§ Recorded data
┏━━

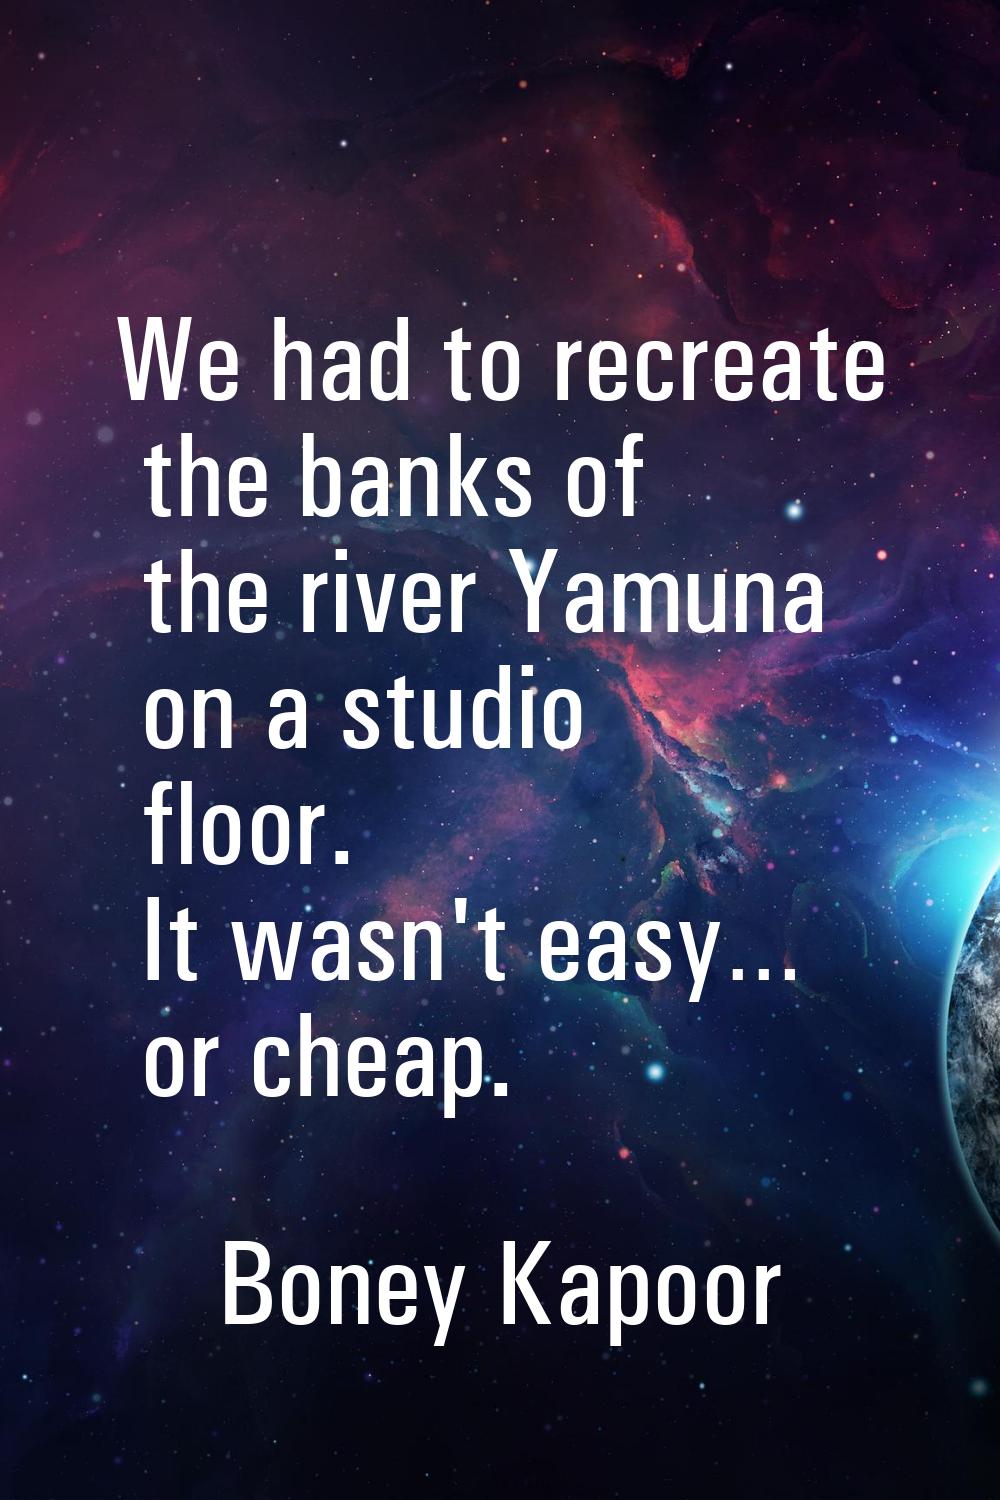 We had to recreate the banks of the river Yamuna on a studio floor. It wasn't easy… or cheap.
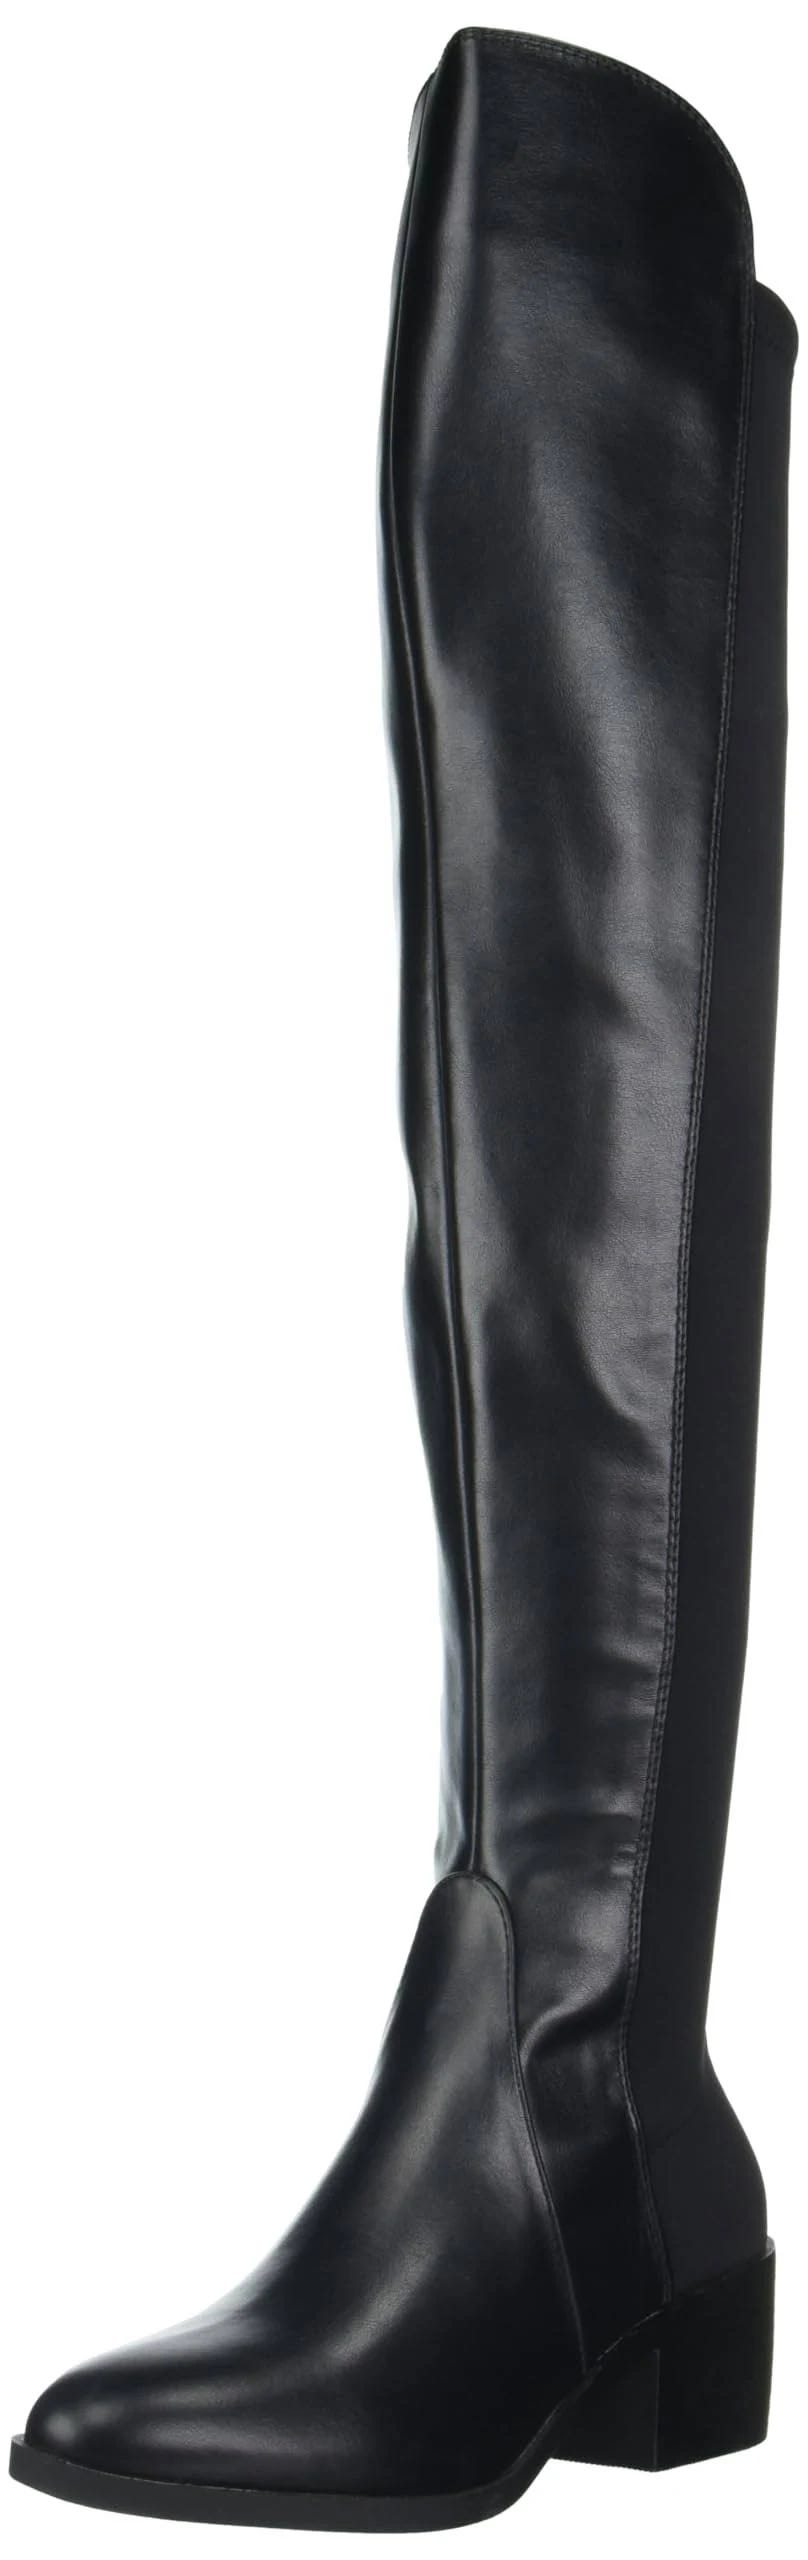 Black Stretchy Over the Knee Boots for Snug Fit and Style | Image
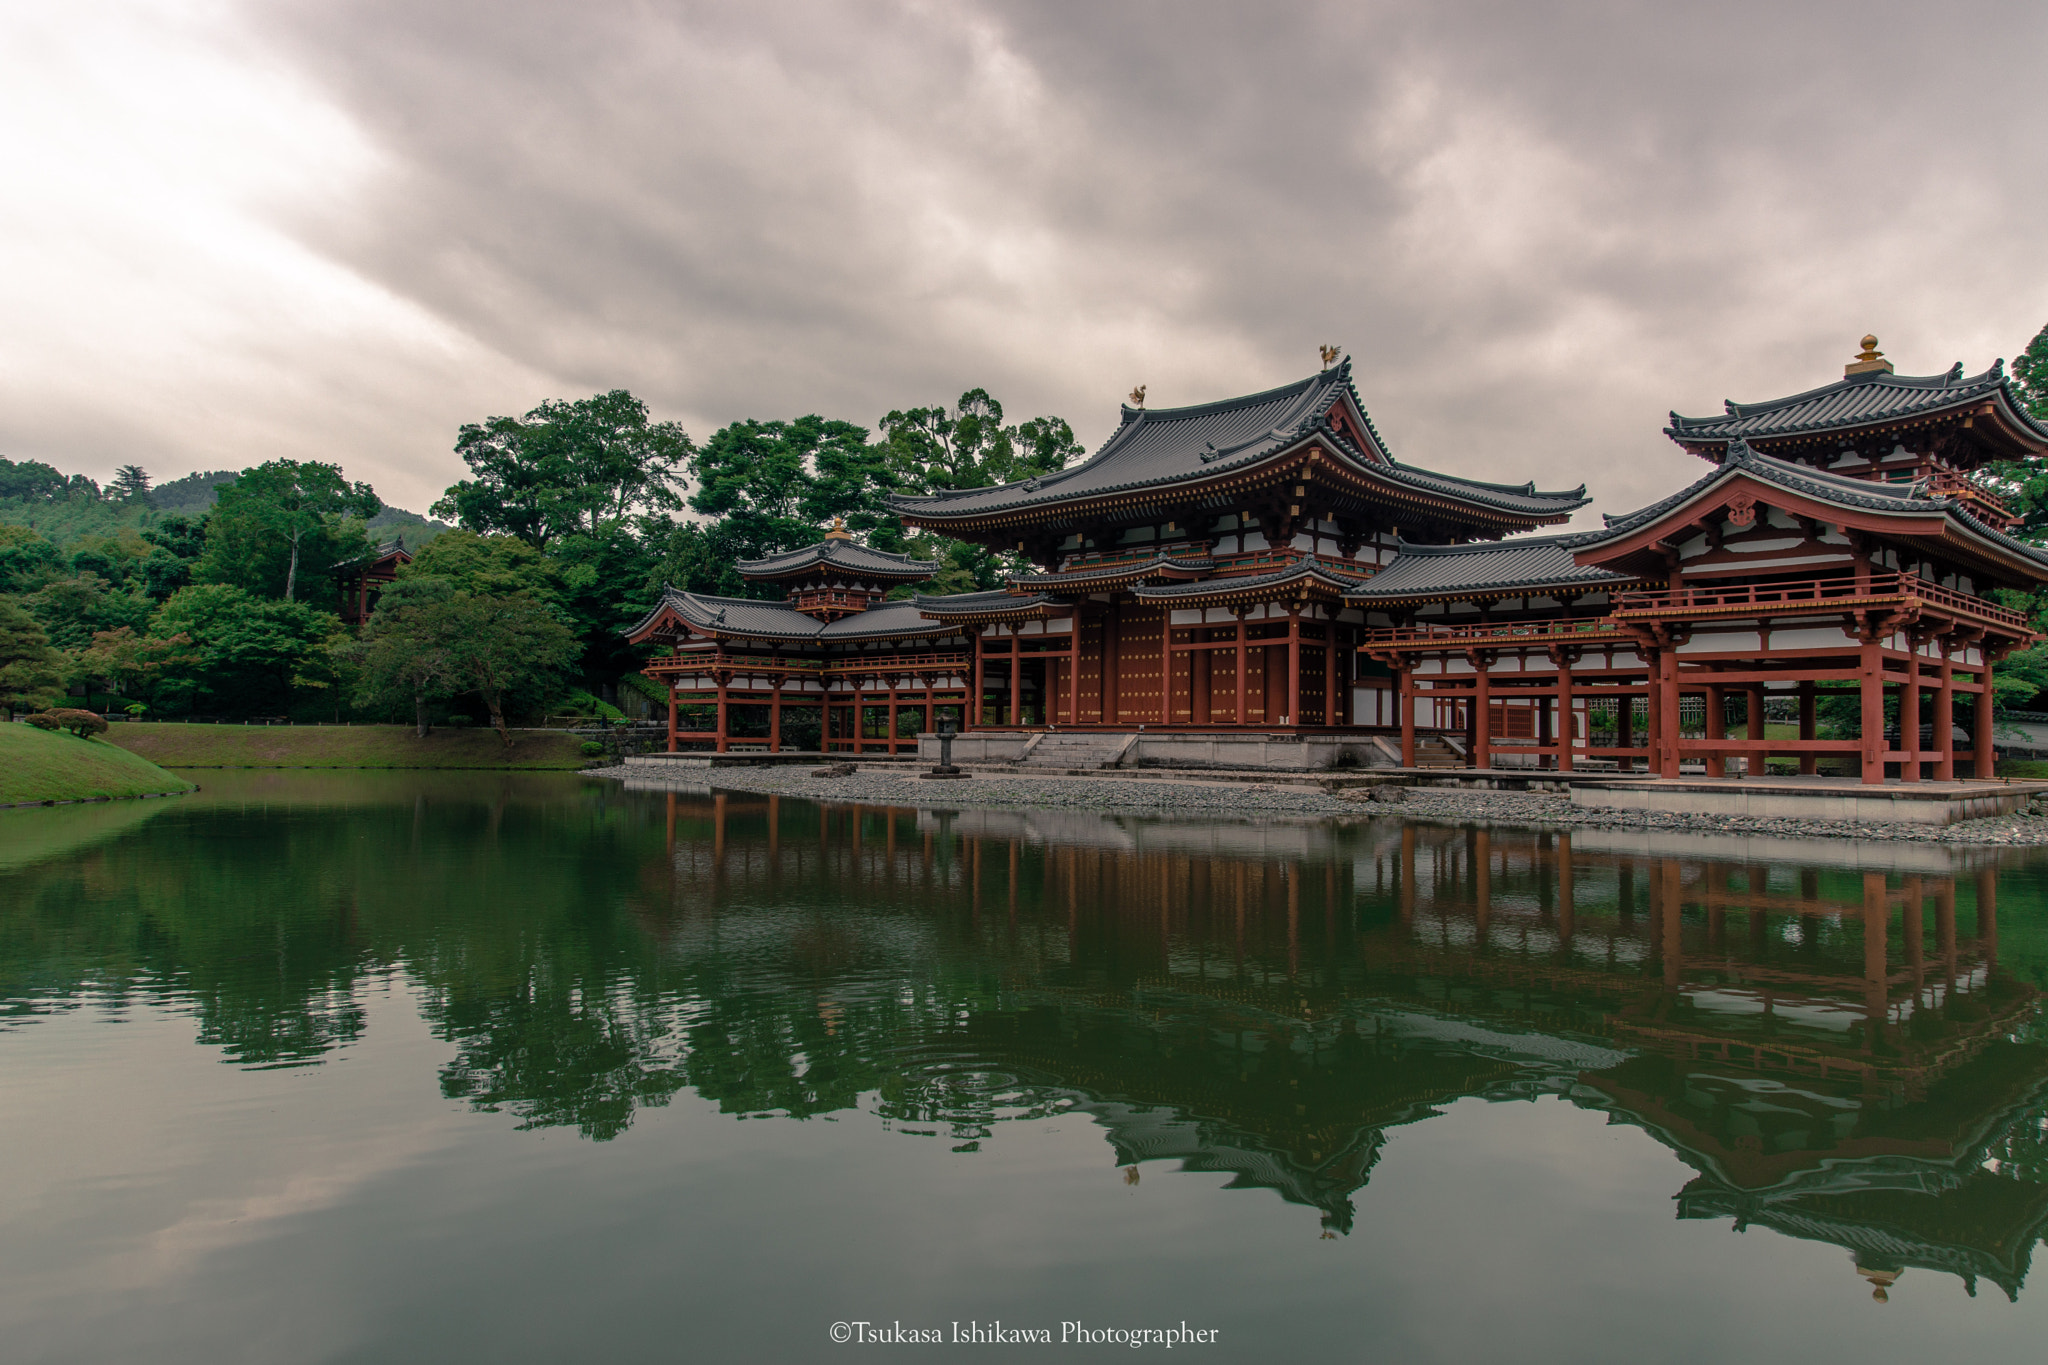 Sony a99 II sample photo. The phoenix hall of byodo-in photography
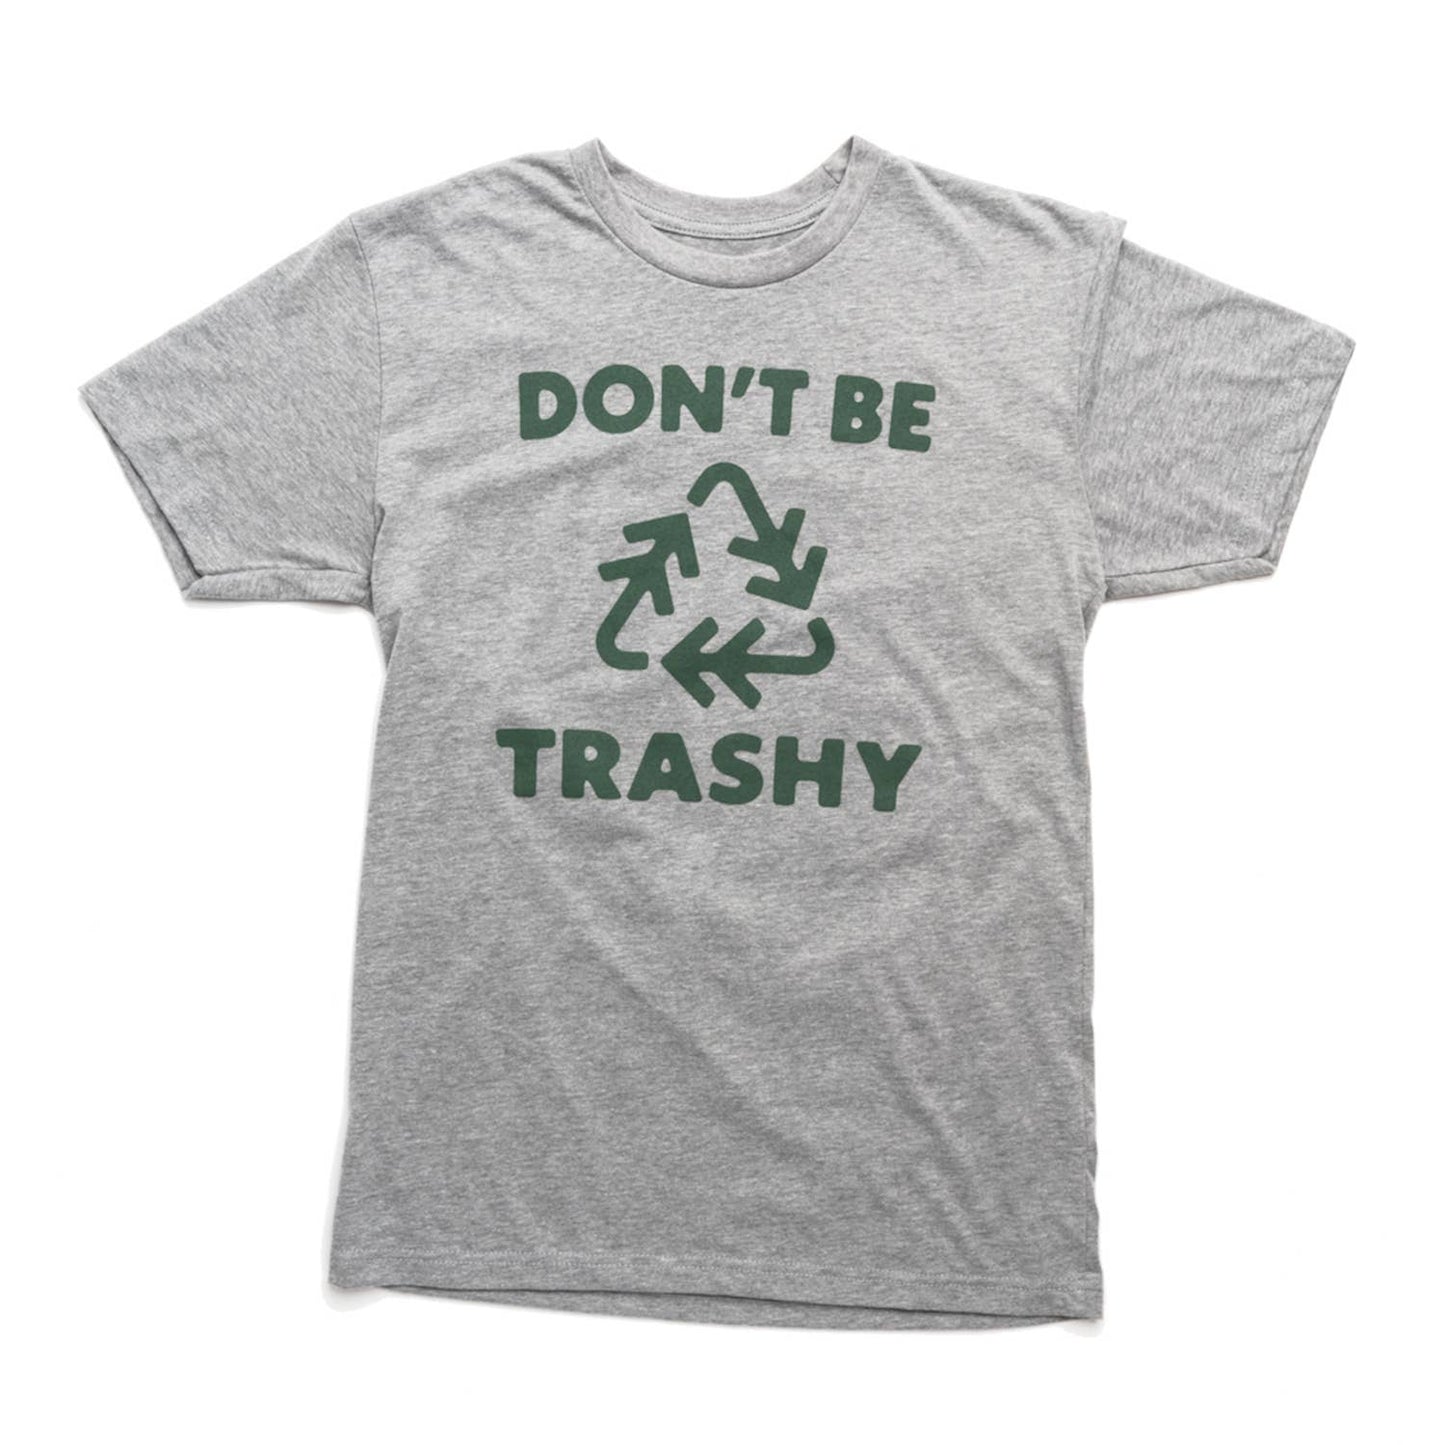 Don't be trashy shirt in gray by Keep Nature Wild

┗━━

§ Task to complete
Write the full listing out again with every line unchanged, but include no pictures.

§ Answer
 We had to recreate the banks of the river Yamuna on a studio floor. It wasn't easy… or cheap.
 Black Stretchy Over the Knee Boots for Snug Fit and Style | Image
 Sony a99 II sample photo. The phoenix hall of byodo-in photography
 Don't be trashy shirt in gray by Keep Nature Wild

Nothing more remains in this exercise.